Editor: Gabriele Saretzki
PMCID: PMC5384180  PMID: 28264499

Abstract

The telomerase ribonucleoprotein complex has a pivotal role in regulating the proliferation and senescence of normal somatic cells as well as cancer cells. This complex is comprised mainly of telomerase reverse transcriptase (TERT), telomerase RNA component (TERC) and other associated proteins that function to elongate telomeres localized at the end of the chromosomes. While reactivation of telomerase is a major hallmark of most cancers, together with the synergistic activation of other oncogenic signals, deficiency in telomerase and telomeric proteins might lead to aging and senescence-associated disorders. Therefore, it is critically important to understand the canonical as well as non-canonical functions of telomerase through TERT to develop a therapeutic strategy against telomerase-related diseases. In this review, we shed light on the regulation and function of telomerase, and current therapeutic strategies against telomerase in cancer and age-related diseases.

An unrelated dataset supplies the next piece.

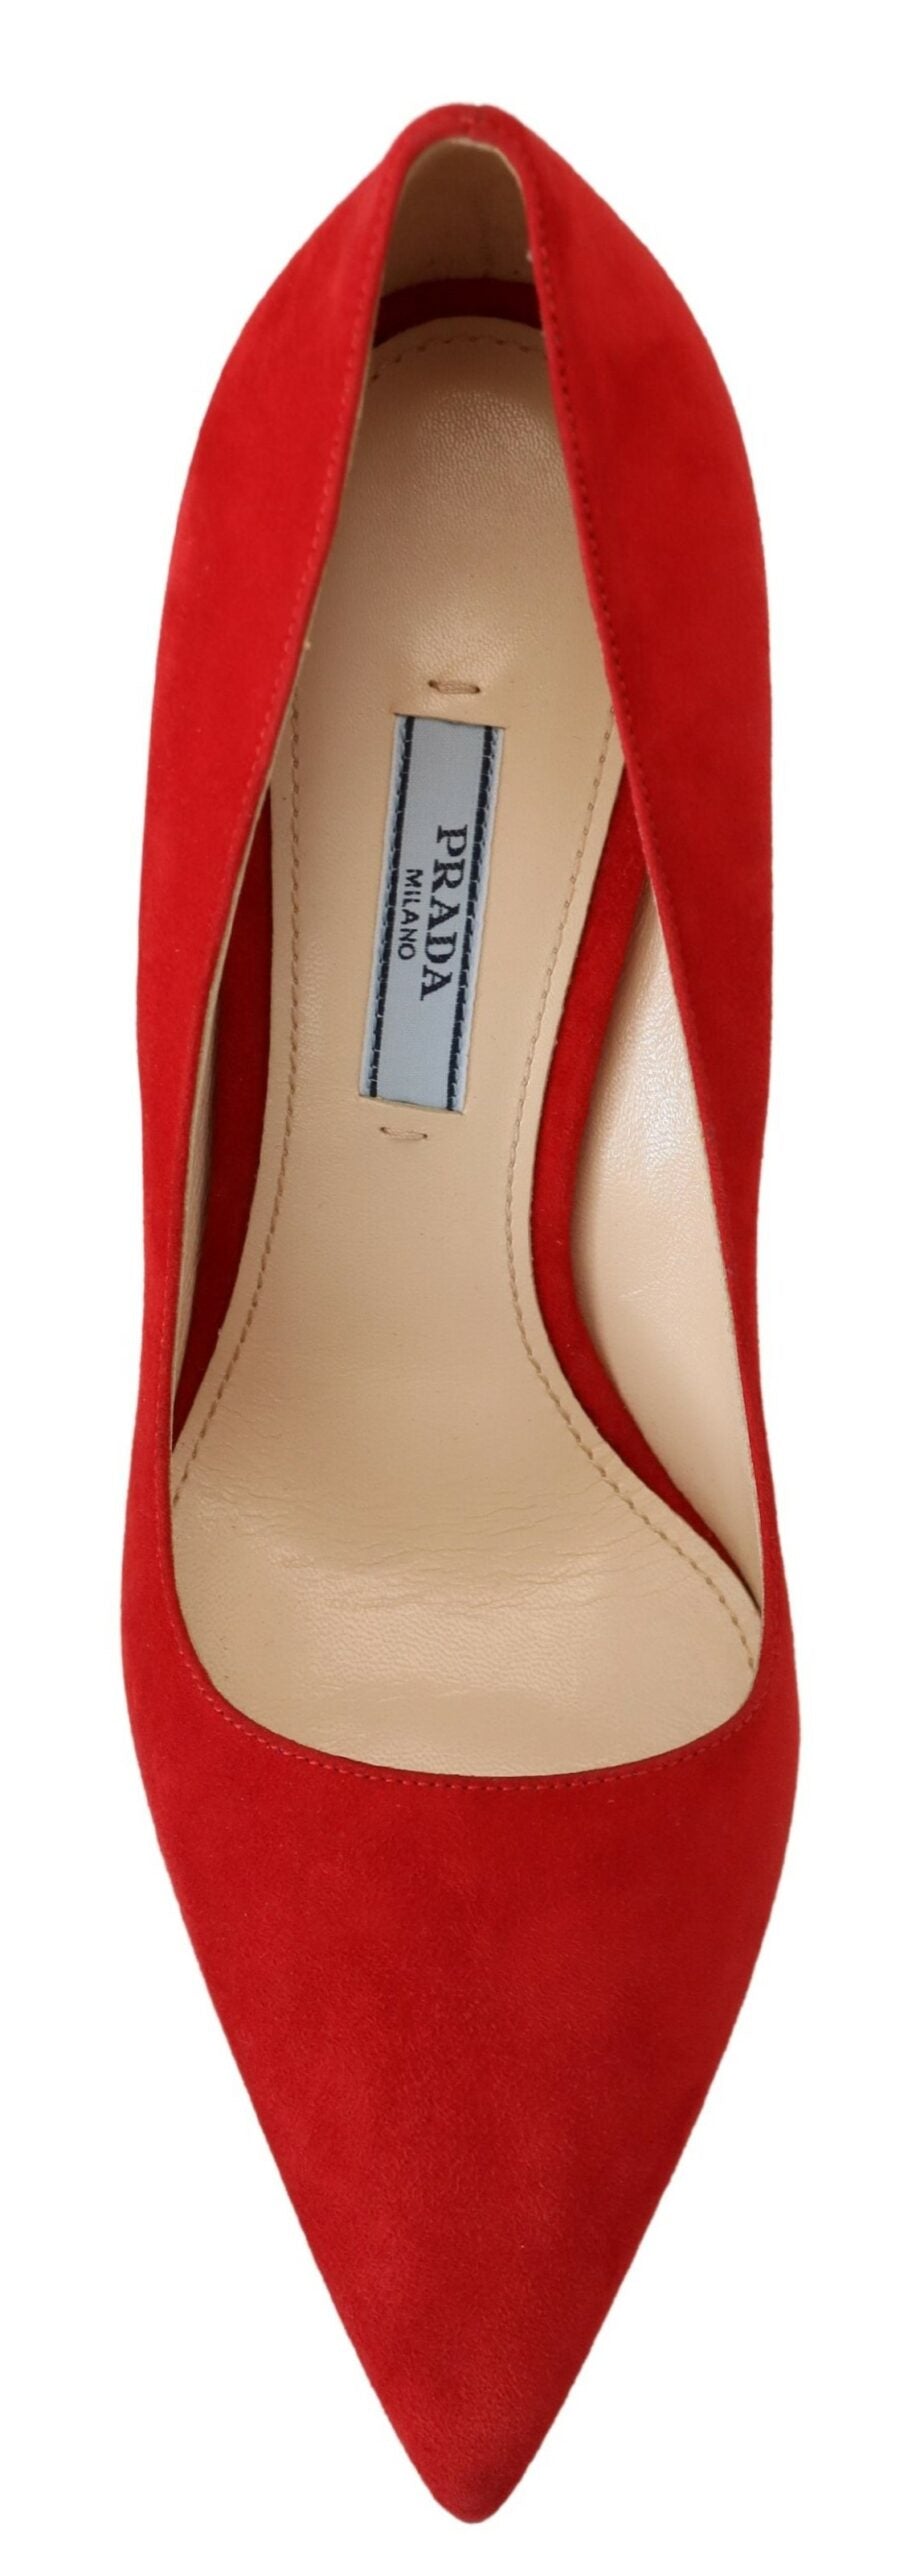 Red Suede Heels - Elegance Meets Comfort

Keywords: telomerase, telomerase reverse transcriptase (TERT), hTERT promoter mutations, telomerase RNA component (TERC), telomere, cancer, age-related diseases

1. Introduction

Telomeres are short, non-protein coding hexanucleotide repeats of TTAGGG which localize at the end of the chromosomes in association with protective proteins collectively termed shelterin. The shelterin complex comprising Telomere Repeat Factor 1 (TRF1), Telomere Repeat Factor 2 (TRF2), Repressor/Activator Protein 1 (RAP1), Protection of Telomere 1 (POT1), Tripeptidyl-peptidase 1 (TPP1), TRF1- and TRF2-Interacting Nuclear Protein 2 (TIN2) provides protection against DNA damage signals, DNA recombination or DNA end-joining processes which may trigger chromosomal instability [1]. In somatic cells, telomeres shorten after each cell division [2], because the gap between the final RNA primer and end of the chromosome cannot be completed in the strand where replication is performed by Okazaki fragments, and 3’ overhangs occur [3]. This progressive telomere shortening following each cycle of cell division is commonly known as the “end replication problem” and when telomeres become critically short, cells undergo a senescent state termed “Hayflick limit”. They can live for years without division in this state [4], before encountering another barrier called “crisis” where a vast majority of cells undergo cell death. Pre-malignant cells can pass this barrier by regulating telomere length and they can become tumorigenic by acquiring oncogenic changes such as lack of function of cell cycle checkpoints as well as tumor suppressors. The length of telomeres is majorly regulated by the activation of telomerase or, in rare cases, by alternative lengthening of telomeres (ALT) mechanisms involving homologous recombination [5]. Since the dominant regulation mechanism of telomeres is dependent on the telomerase activity, we focus on telomerase in this review.

Telomerase is a ribonucleoprotein enzyme, which is responsible for lengthening of telomeric repeats at the end of chromosomes. This multi-subunit complex consists of the telomerase reverse transcriptase (TERT) catalytic subunit, telomerase RNA component (TERC) which is the RNA template used for the synthesis of telomeres, dyskerin (DKC1), Nop10 [6], NHP2, Pontin and Reptin [7,8] as well as small ribonucleoproteins such as NHP2, NOP10, and GAR1 [9]. Assembly of telomerase occurs in the Cajal bodies and the trafficking of telomerase to telomeres are mediated by TCAB1 and TPP1 proteins [10].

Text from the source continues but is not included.